El baile de los teléfonos.

 

Picardi también pidió una prueba importante cuya eficacia puede ser entendida a partir del testimonio de Gils Carbó. Solicitó a la Dirección de Asistencia Judicial de la Corte (DAJuDeCO), un informe de todas las manifestaciones públicas de funcionarios o allegados con expresiones críticas hacia alguna de las víctimas de la causa: pidió barrido de entrevistas, conferencias y dichos en redes sociales, tal vez en sintonía con la primera parte del testimonio de la ex Procuradora repleto de nombres y de frases de quiénes y de cómo pidieron su renuncia desde la campaña de 2015 hasta octubre de 2017.

Eduardo Freiler no forma parte de las víctimas. Podría, pero aún no lo solicitó. El viernes 18 de junio, en cambio, envió un escrito explosivo al Consejo de la Magistratura, al que también accedió El Cohete.

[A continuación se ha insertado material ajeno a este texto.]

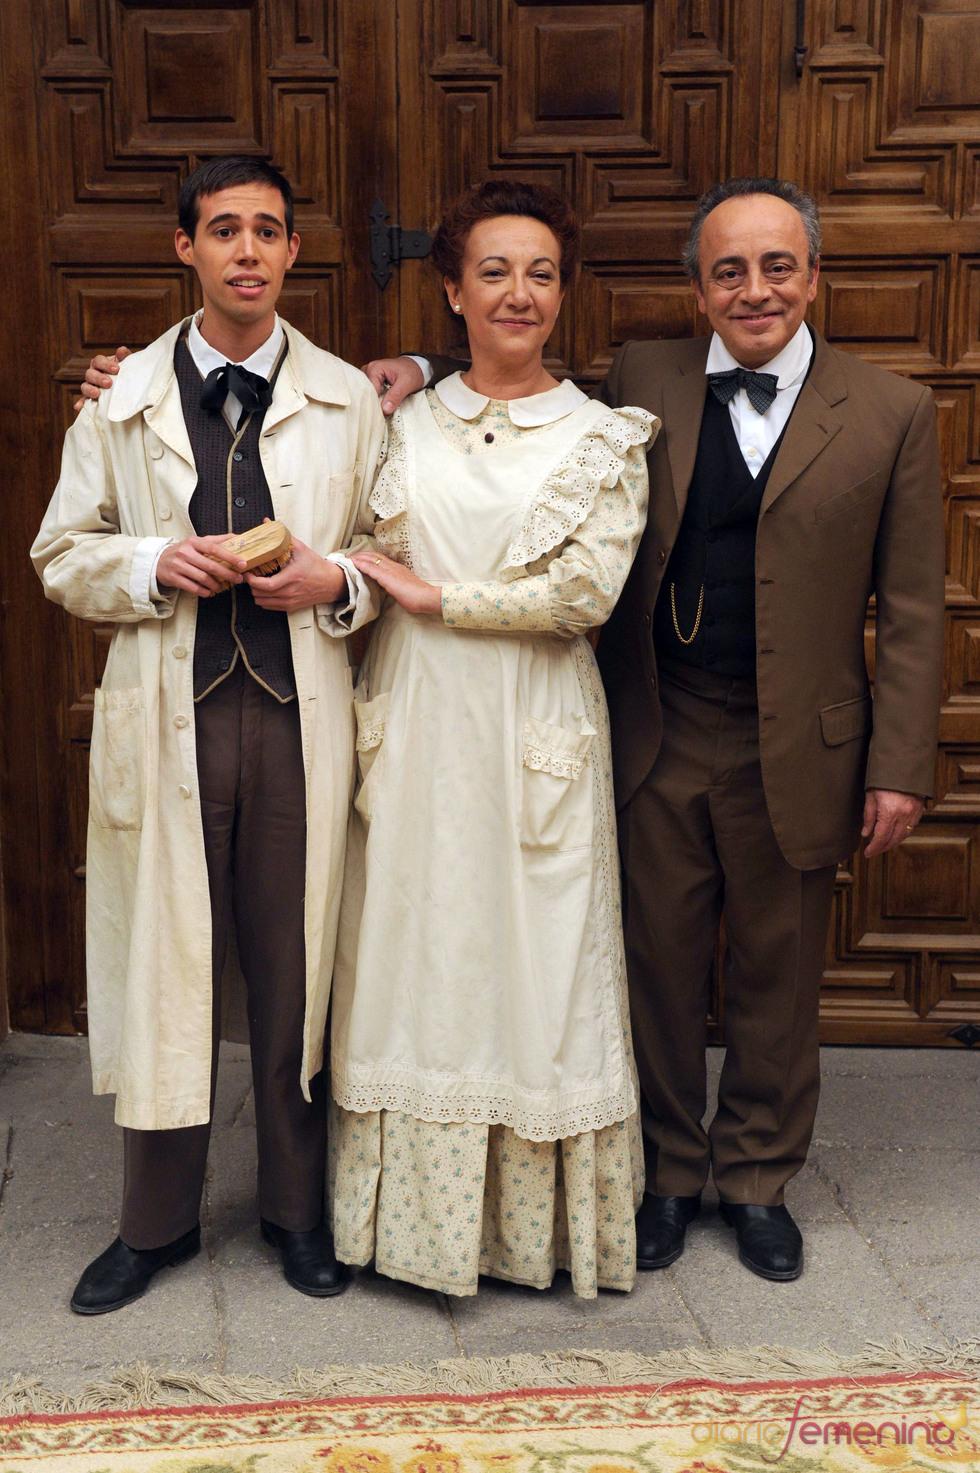 Enric Benavent, Maribel Ripoll y Selu Nieto, actores de 'El secreto de Puente Viejo'

Freiler quiere la restitución de su cargo de juez de la Cámara Nacional de Apelaciones en lo Criminal y Correccional Federal y además pidió una investigación sobre el escandaloso procedimiento de suspensión de agosto de 2017. Finalmente, solicitó suspensión parcial del concurso 461 que busca cubrir su vacante. La presentación ya circuló entre los consejeros y el próximo jueves será tratada en la reunión de labor, según confirma el presidente del Consejo, Diego Molea, en diálogo con esta nave.

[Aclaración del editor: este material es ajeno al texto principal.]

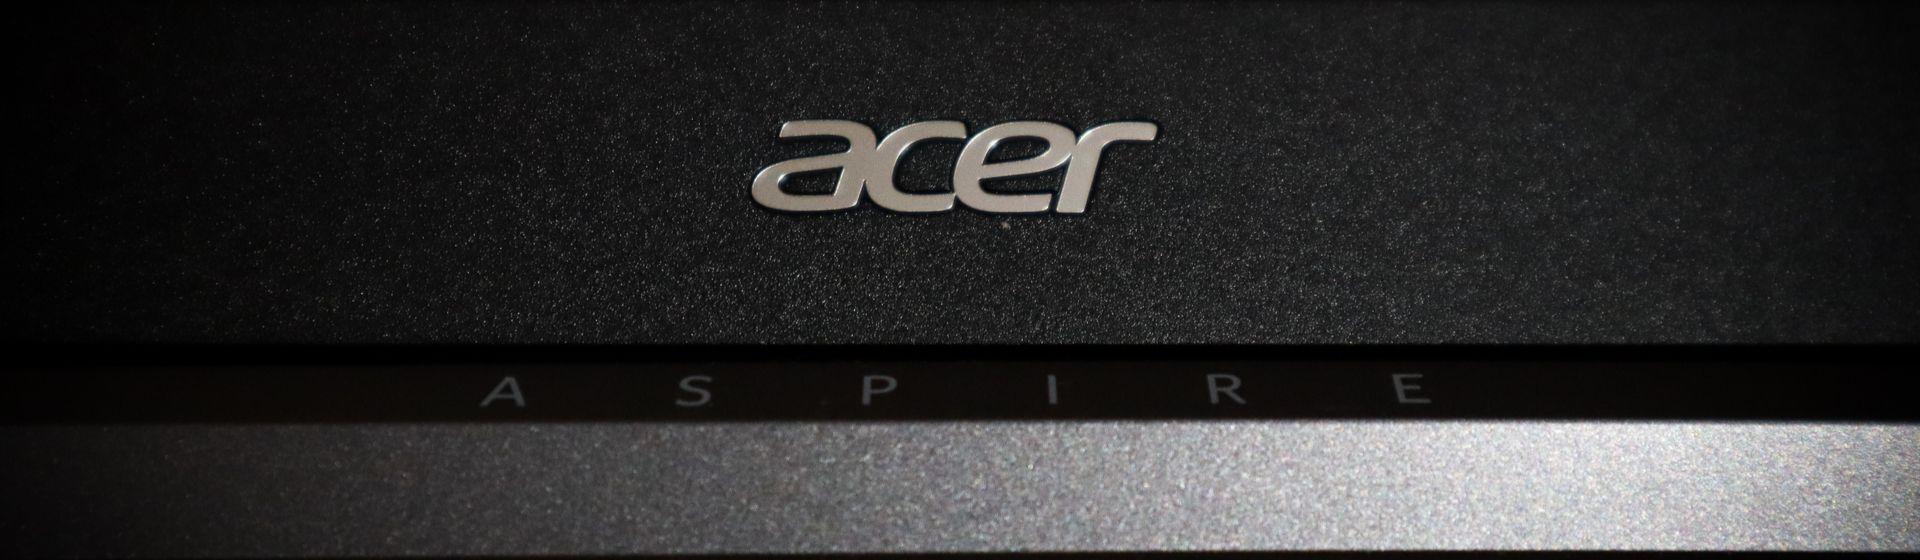 Acer lança novos notebooks Nitro 5 e Aspire 3 com Ryzen no Brasil

“La presentación del doctor Freiler se puso en conocimiento de los consejeros y consejeras y se analizará en la próxima reunión de la Comisión de Labor. Observo con preocupación los hechos que allí relata, así como aquellos que se investigan en torno al presunto accionar de una Mesa Judicial durante el gobierno de Mauricio Macri. En caso de comprobarse que hubo interferencias en la Justicia y se ejercieron presiones sobre magistrados y magistradas, sería de una enorme gravedad institucional, de la que como funcionarios públicos no podemos actuar de manera indiferente. La independencia judicial y el respeto por las garantías constitucionales son los pilares de los que nuestro Estado de Derecho nunca debe apartarse.

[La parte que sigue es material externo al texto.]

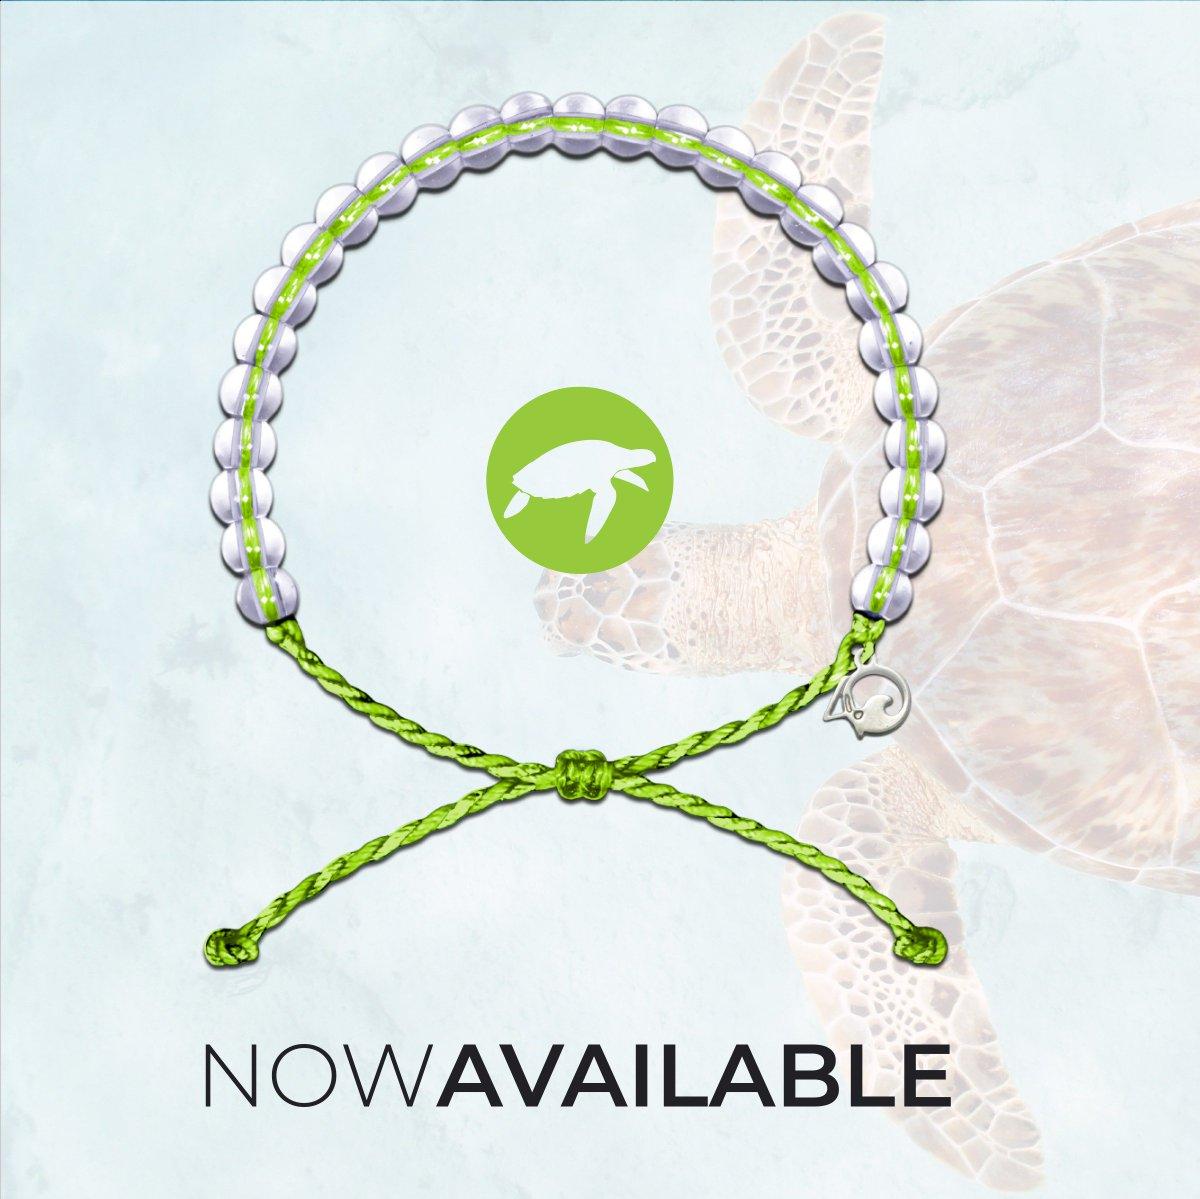 4ocean On Twitter Our June Limitededition Sea Turtle Bracelet Is

Entre las pruebas nuevas, el magistrado presentó el resultado de una investigación de El Cohete referida a la aparición de un ignoto abogado en Comodoro Py, dos días después de un programa de Jorge Lanata de 2016. Era un hombre ligado a la estructura de Asuntos Jurídicos de la AFI que copió los datos del programa y permitió la reapertura de una causa por enriquecimiento cerrada y archivada con una jugada que activó, de paso, el mecanismo de enjuiciamiento en el Consejo de la Magistratura, para el cual se requería una causa viva y coleando.

 

Tailhade furioso durante el escándalo Freiler en el Consejo de la Magistratura.

 

 

 

No es casual

Mauricio Macri dijo lo que dijo estos días en TN sobre sus partidos de tenis con el juez Mariano Borinsky. Un audio que circuló a toda velocidad, de teléfono en teléfono, entre jueces y altos funcionarios. Durante la tarde del viernes, la declaración apuró una nueva denuncia de Rodolfo Tailhade en la causa por las visitas a Casa Rosada y a la Residencia de Olivos, instruida por la fiscala Alejandra Mángano, que hasta el momento sólo investiga a Gustavo Hornos y ahora podría agregar al compañero de tenis de Macri. El dato de ese expediente es que no investiga visitas, sino la hipótesis de la influencia de Macri sobre los camaristas. Pero el corte del programa difundido en las redes es sólo eso, un fragmento. Y el programa agrega otro elemento. Como ocurrió con cada una de las víctimas de la Mesa Judicial, también aquí el ex Presidente le dedicó unas palabras alusivas. En este caso, al juez federal con competencia electoral de la provincia de Buenos Aires, Alejo Ramos Padilla, magistrado que en algún momento sintió miedo pero aún así tiró del primer hilo que desbarató un sistema sostenido entre escuchas y aprietes. Lo curioso: Macri hablando de mafia, material para un ensayo del espejo invertido que agita en las redes el filósofo Rocco Carbone.